Top tip: Buy broad beans as fresh as possible; pods should be firm and crisp. Avoid any that feel soft.

Perfect match: Head Chef of The Living Space, Adam Stock, enjoys broad beans with iberico ham for a spanish infused dish.

Lettuce

Lettuce

Lettuce are available in a vast number of varieties, from crisp leaves to soft. Growing from a central stalk to form and spherical head. Most are green but you can get red/pink varieties.

Top tip: Although mainly eaten raw in salads, lettuce works well in soups or braised as a side dish.

Perfect match: Shred and add to a spring salad. Or make it the main feature of a Caesar salad like that on the Living Space menu.

Cornish new potatoes

New-Potatoes

Cornish new potatoes are the first potato to be harvested in the UK each year. Cornish Earlies, as they are known locally, are a real sign that spring has arrived in the county. Our popular potatoes are know for being sold ‘dirty’, i.e. unwashed, as growers believe it retains the flavour and freshness.

Top tip: Keep them whole. Divide your potatoes into similar sizes and cook whole, this will give the potato a fluffier middle and lock in flavour.
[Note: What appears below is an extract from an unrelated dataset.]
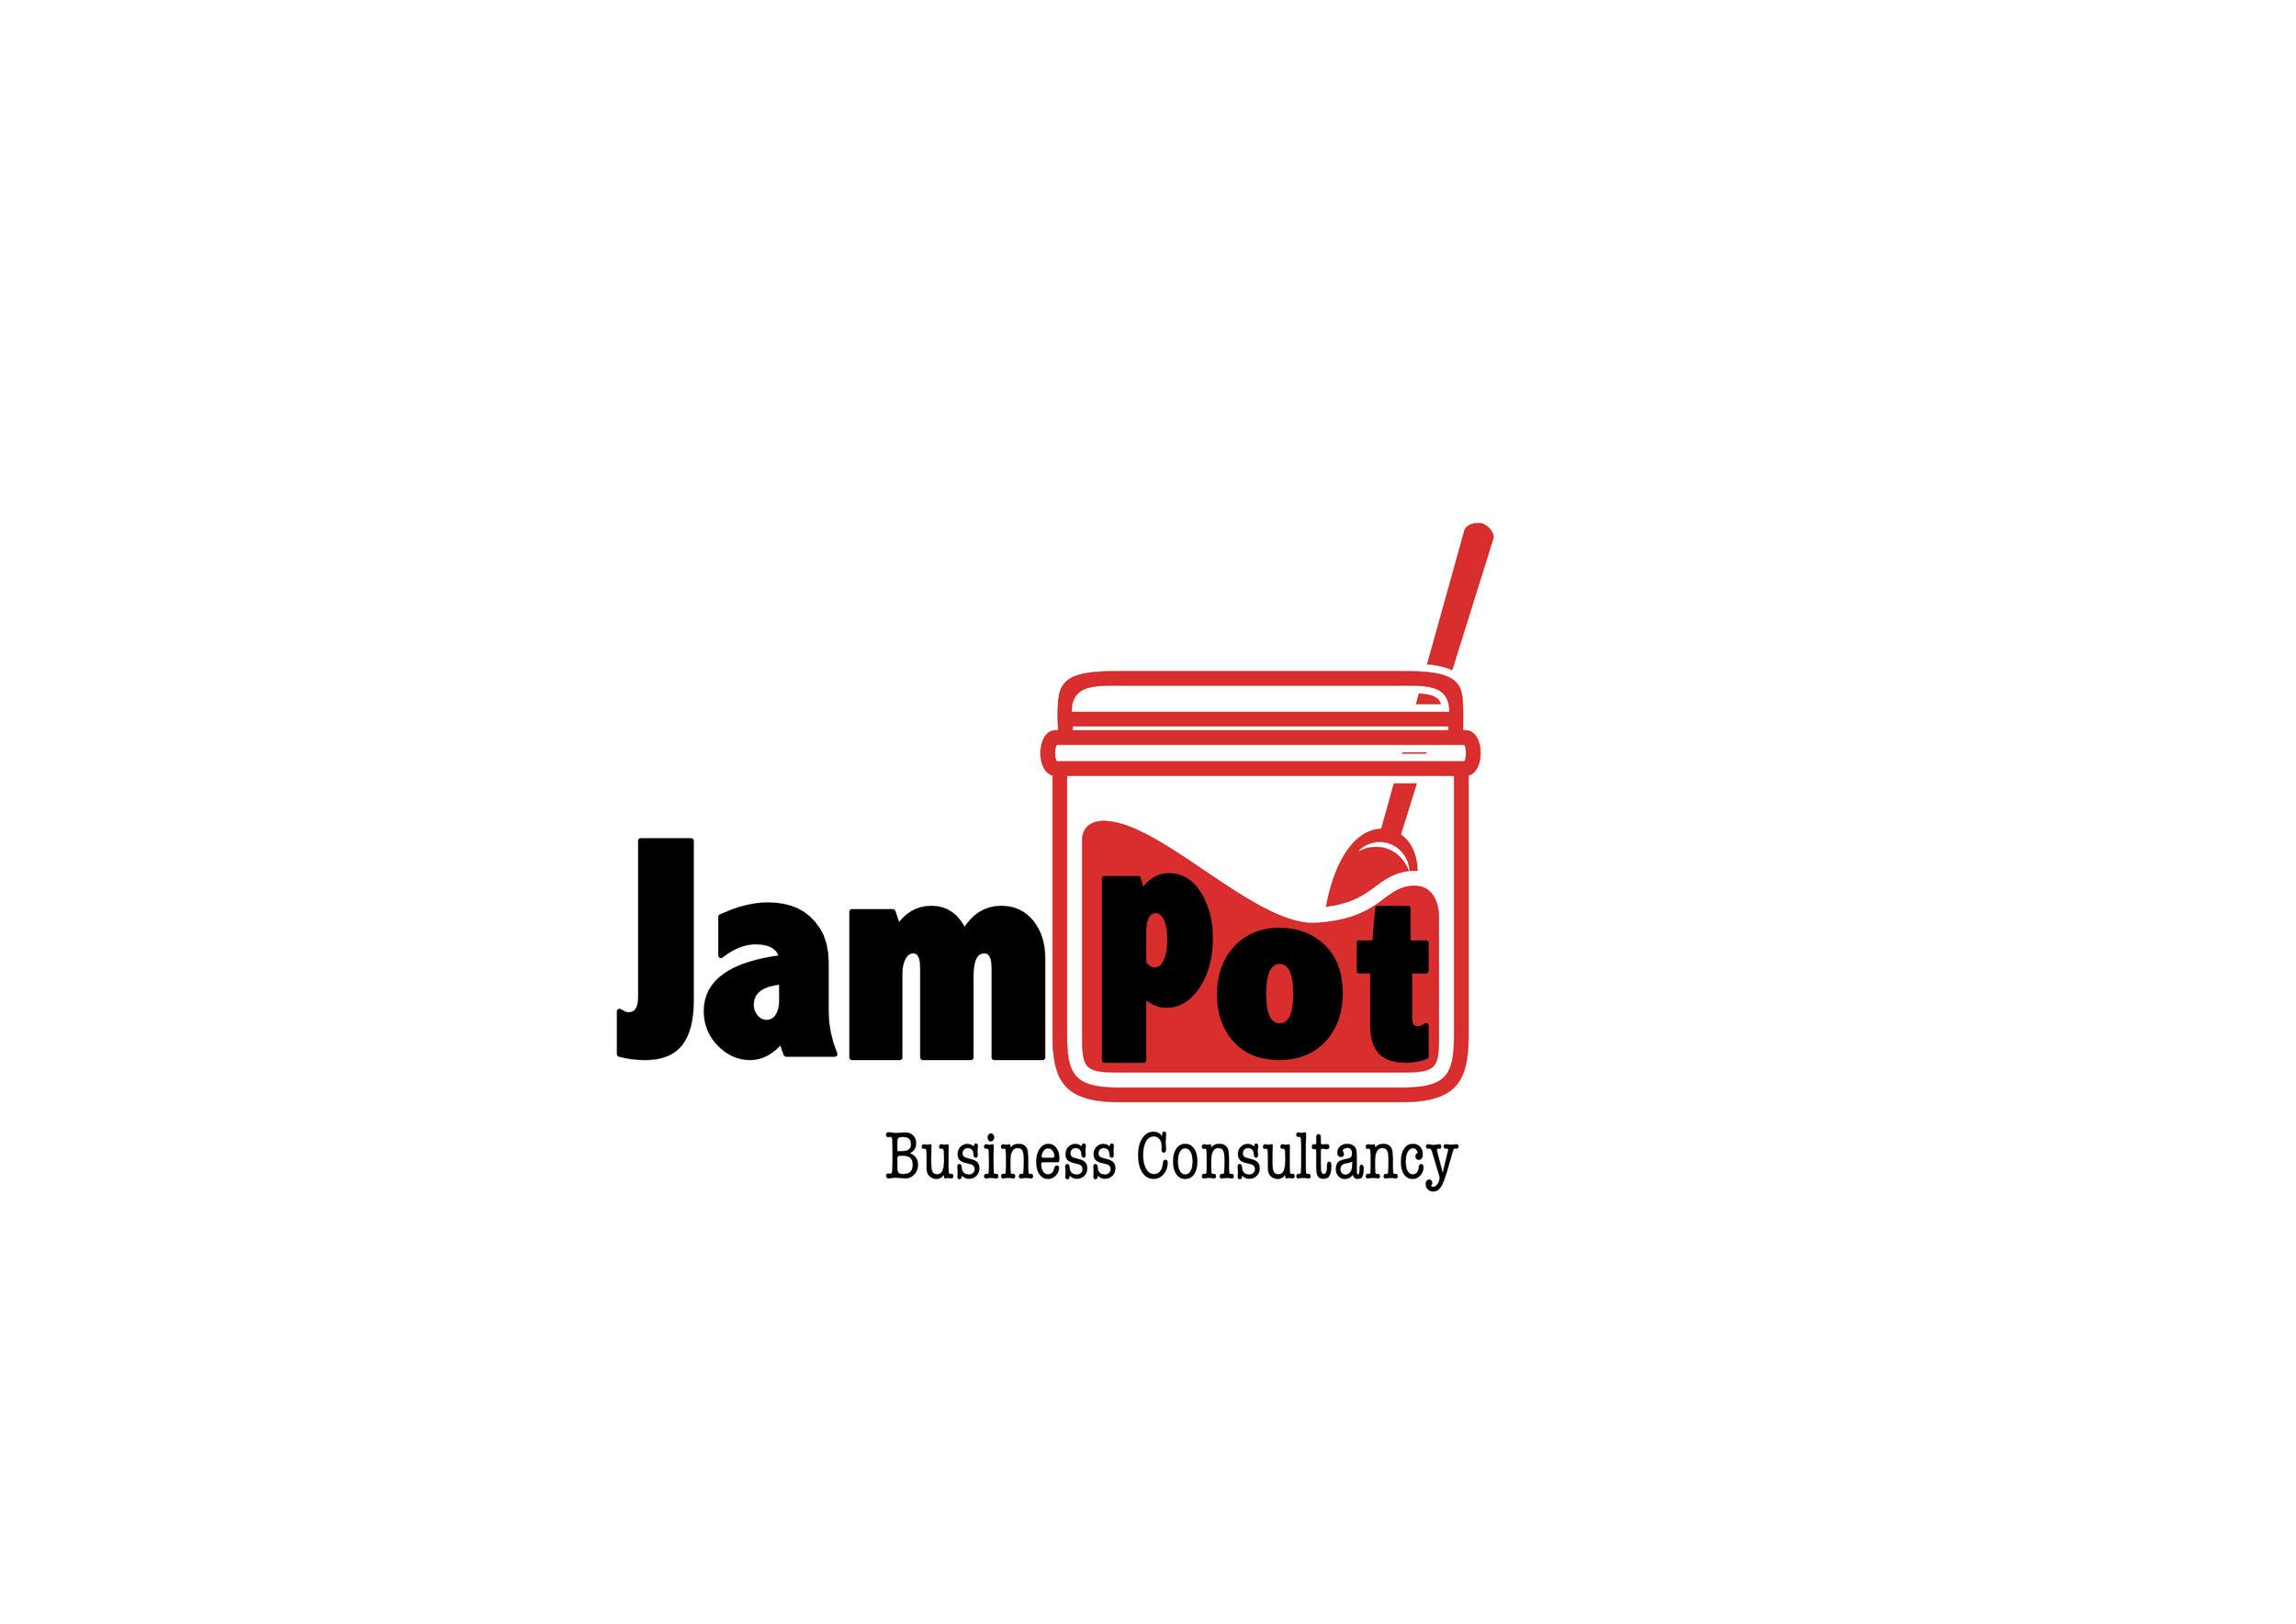 JamPot Business Consultancy Ltd
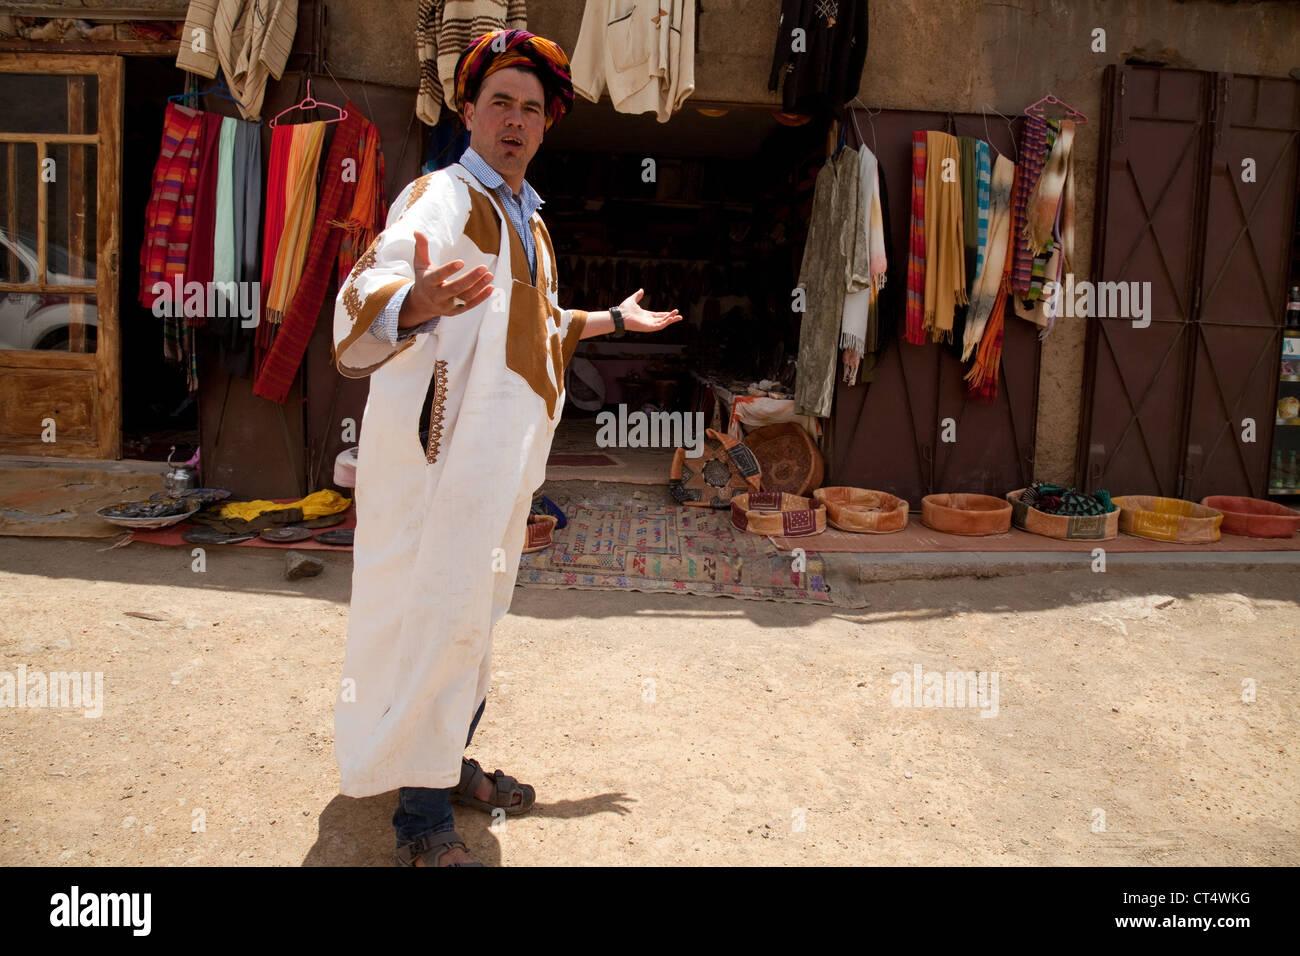 Local Berber Stallkeeper selling goods, Imlil, Morocco Africa - Stock Image

Perfect match: In the Living Space we serve them boiled and buttered with hot smoked salmon, chives and fennel. It’s a real winner!

Wild Garlic

Wild-Garlic

A.k.a 3 cornered leek. Wild garlic is everywhere at this time of year in Cornwall. In fact the distinctive smell of wild garlic greets you as you drive to Watergate Bay past the airport. Unlike common garlic, it’s the leaves that are eaten rather than the bulbs or flowers. The taste is delicate, often likened to that of chives.

Top tip: Use the flowers of wild garlic as means of decoration only. If you eat one, you’ll taste it for the rest of the day as it has an intense, overpowering flavour.

Perfect match: Wild garlic goes extremely well with lamb, or blend it into a wild garlic and nettle soup.

Recipe: Cornish monkfish with asparagus, new potatoes and wild garlic pesto.

Spider Crab

Spider-Crab

Looks scary. Tastes good. Spider crab, much like it’s relatives, yeilds sweet, dense meat in it’s legs. Male crabs tend to be bigger and harbour a heavier, richer meat, whilst the females are known for a lighter, sweeter meat.

Top tip: Spider crabs are a more sustainable breed of crab, so try them instead of other varieties like Atlantic blue crab, or the European Brown crab.

Perfect match: Flake the crab meat into an Asian infused salad with cucumber and sesame dressing.